3. Don’t give your personal information to “professionals”.
I’m talking doctors, therapists, pharmacies, school teachers. They do their best to keep your information private, but sooner or later they will slip up. I’ve had it happen. Instead of communicating by phone communicate with them through that email you set up specifically for foster related things. If they insist on an address give them the address to DCFS. This is something my same caseworker told me to do. She also said not to sign my last name but to sign foster parent instead. There is one exception to sharing my phone number that I would make and that is for my kiddos teacher. This is because your kid is going to be there for hours upon hours. There is a good chance that they are going to need to call you sooner or later to let you know what is going on with your kiddo or that you need to come pick them up. For this I would give your phone number directly to your kiddos teacher. Ask them to keep the number in their phone and not write it down. That way they can shoot you a text if your sweetie lost his cookies all over the circle time rug.
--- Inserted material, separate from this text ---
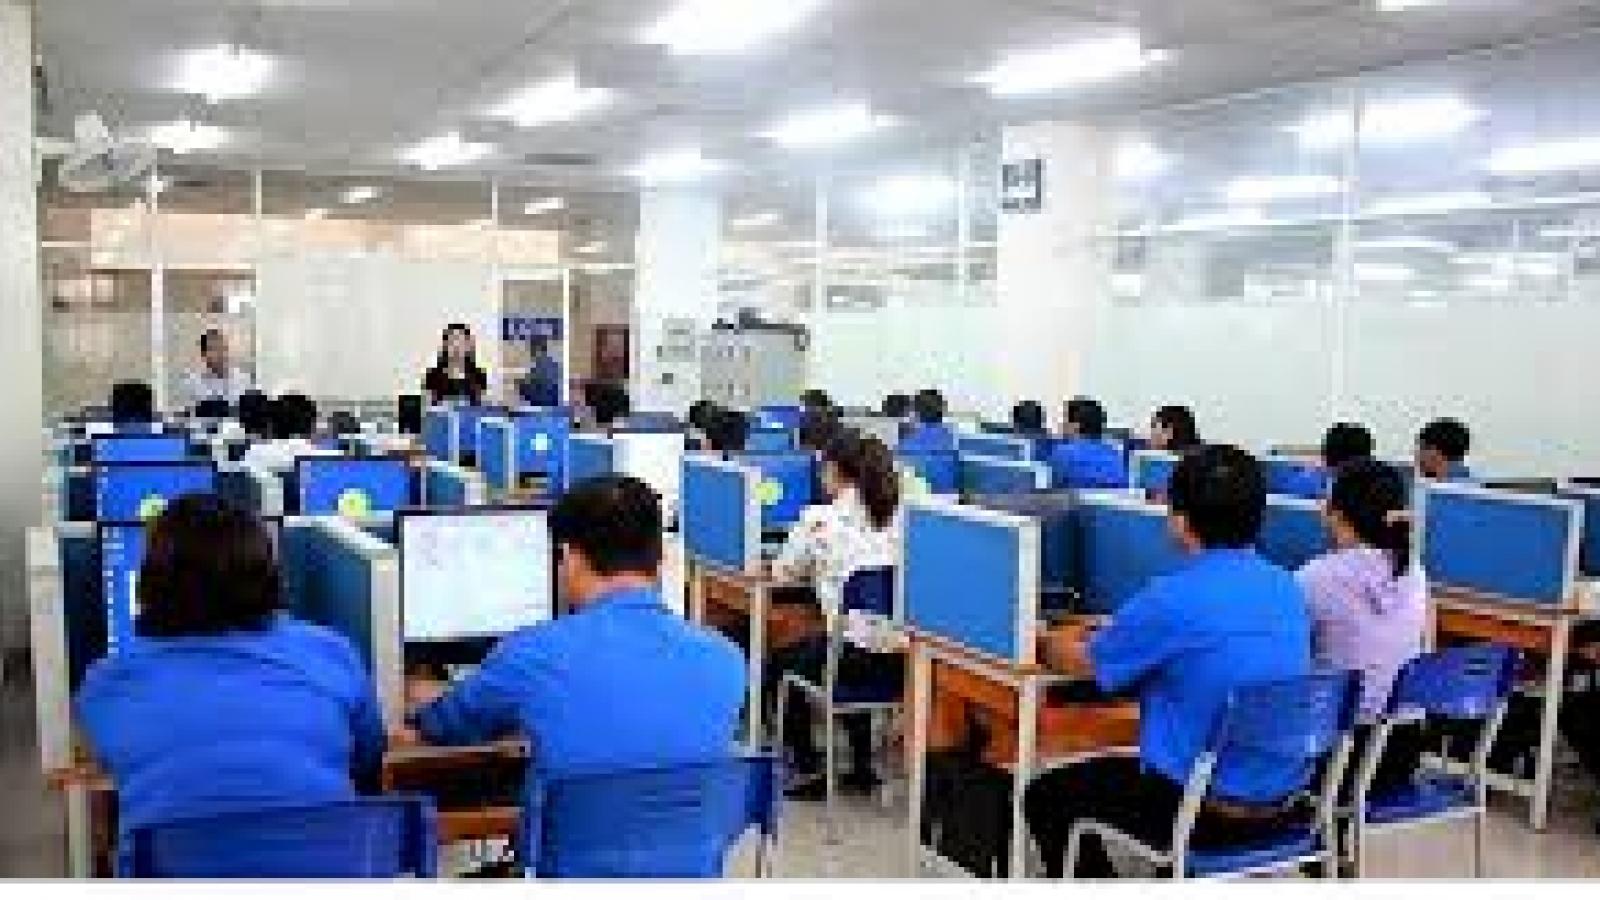 Danh sách các trường Đại học được phép tổ chức thi chứng chỉ ngoại ngữ 6 bậc

4. Never be alone with birth family.
This is one that might bother your case worker. It’s necessary though. We had a relative that was allowed to have unsupervised visits with the kids. I only spoke to them for about 5 minuets at pick up and drop off. The relative went on to claim that I said all sorts of things I never said during those reoccurring 5 minuets. Yes, our awesome caseworker didn’t believe the relative, but the birth parent did, which caused problems.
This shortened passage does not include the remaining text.